US, 1966-1967, 16mm, black & white, silent, 11 min.
By the late 1960s, New York artist Robert Huot’s conceptual and minimal paintings were exhibited alongside works by Frank Stella, Larry Poons, and Sol LeWitt. On his regular trips to see triple features on 42nd Street, Huot found himself “fixating on the light dancing in the scratches on the emulsion,” which he often found more interesting than the movies themselves. He began making films soon after becoming friends with Hollis Frampton, who felt Huot was “doing basic work that we film-makers ought to have done for ourselves decades ago, work that is both an addition and a reproach to film art." Scratch is “successful in reducing the number of filmic variables so completely that essential qualities and potentials of the materials of film can be felt. While [it] is nothing more than eleven minutes of dark leader with a continuous handmade scratch, the resulting imagery varies a good deal, depending on how deeply Huot dug into the emulsion (Scott MacDonald).”

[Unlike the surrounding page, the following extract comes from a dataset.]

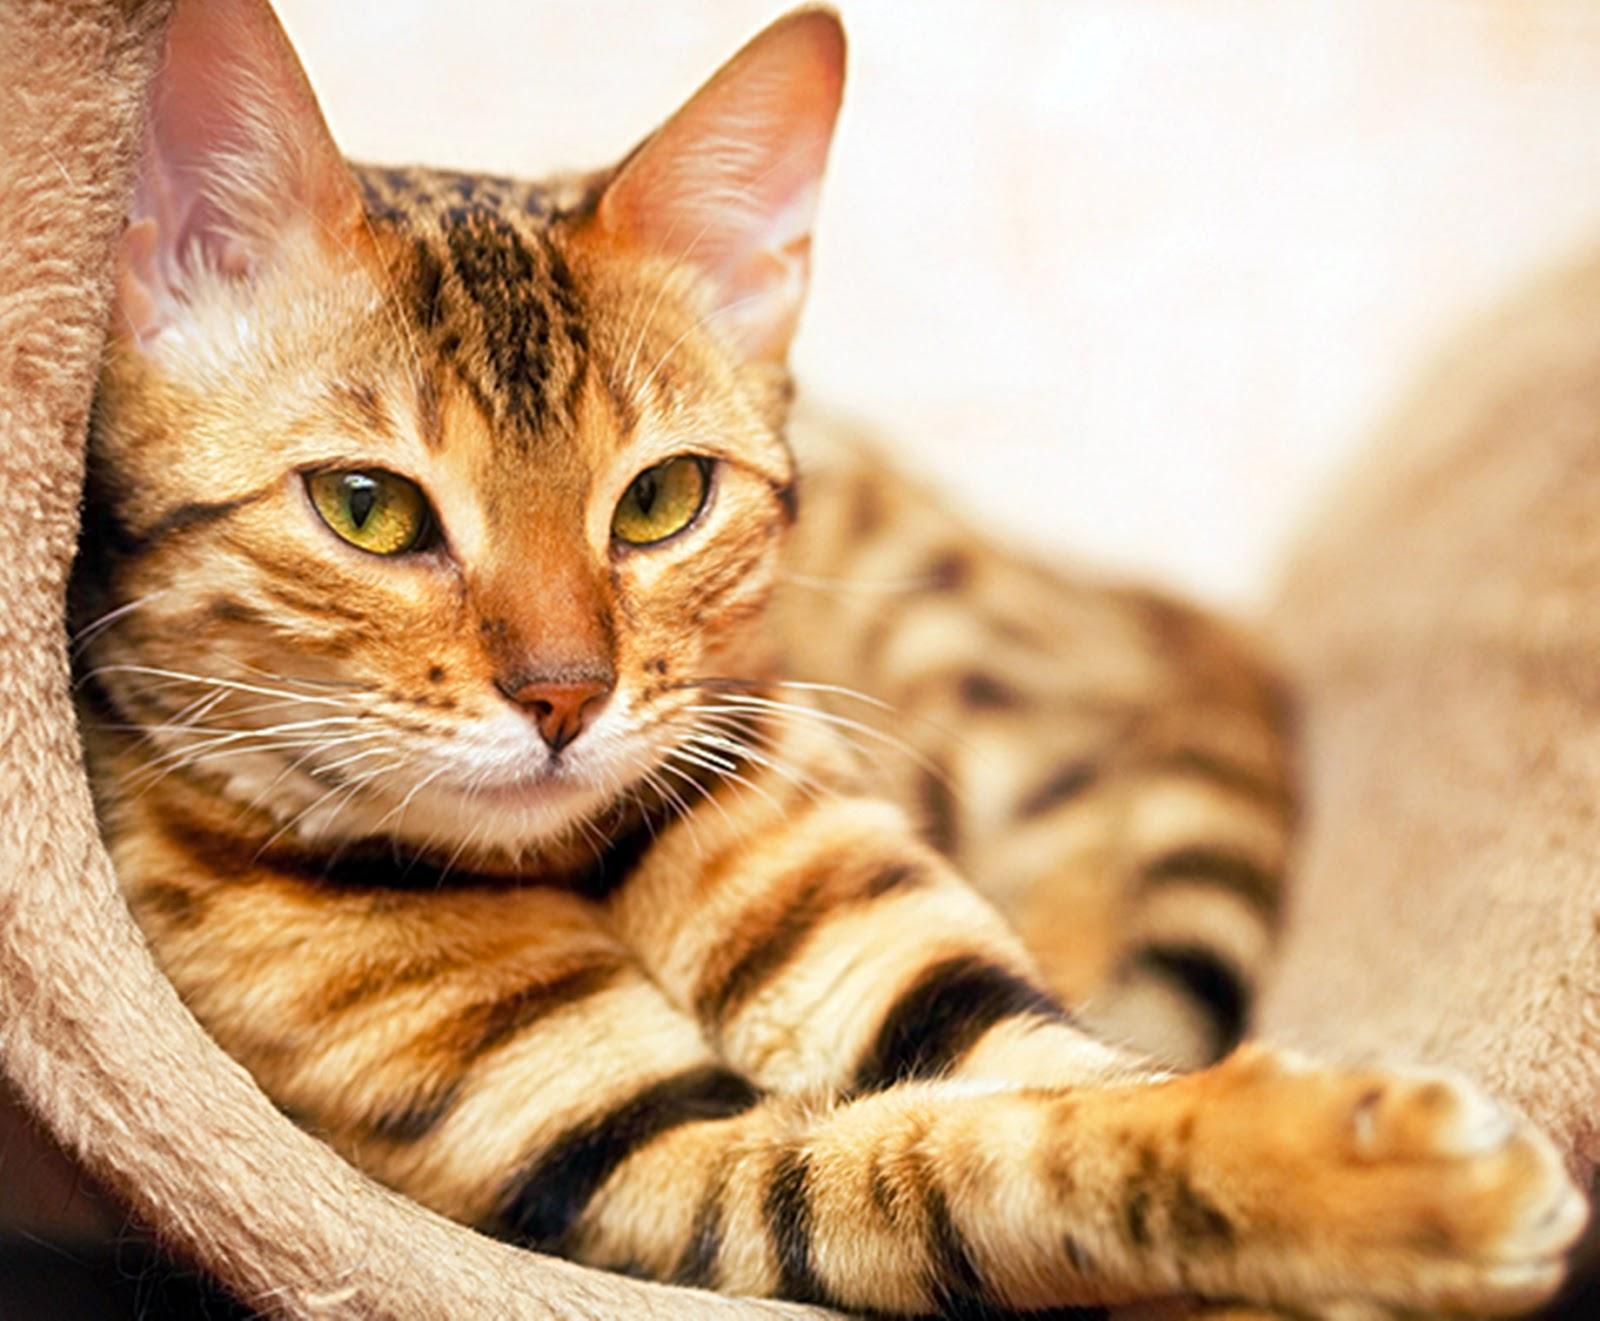 5 Arti Mimpi Kucing Buang Air Menurut Primbon Jawa ...
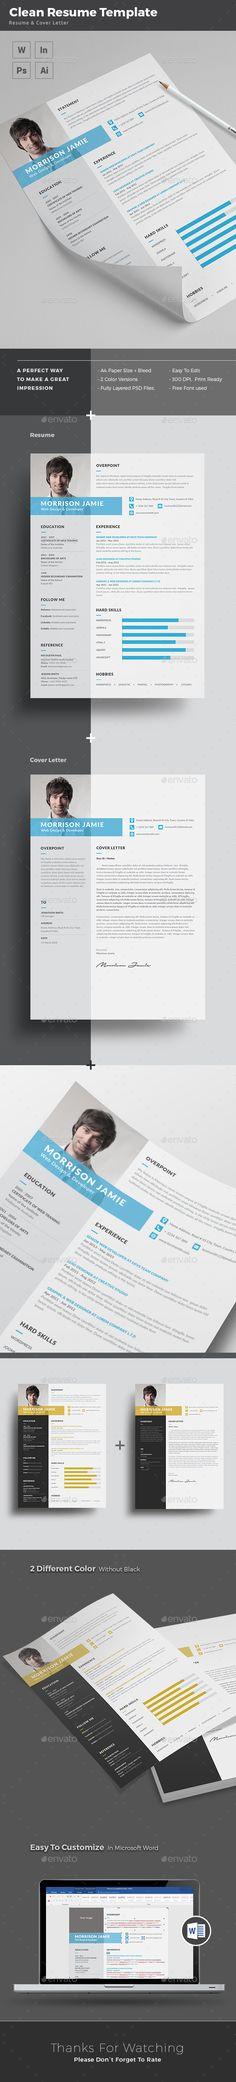 Resume  — PSD Template #resume creative #resume portfolio • Download ➝ https://graphicriver.net/item/resume/15355494?ref=pxcr

Ernie Gehr began making films in the late 1960s, using the medium in a way that expresses his belief that film “is not a vehicle for ideas or portrayals of emotion outside of its own existence as emoted idea. Film is a variable intensity of light, an internal balance of time, a movement within a given space.” Serene Velocity, which established his reputation as a major filmmaker, registers the empty corridor of a university building as Gehr systematically changes the focal length of the zoom lens. The result—a vibrating, pulsing, optical experience—creates a purely cinematic space and time whose illusion of geometric forms expanding out from the center of the screen resonates with Frank Stella’s 1958-1960 Black Paintings.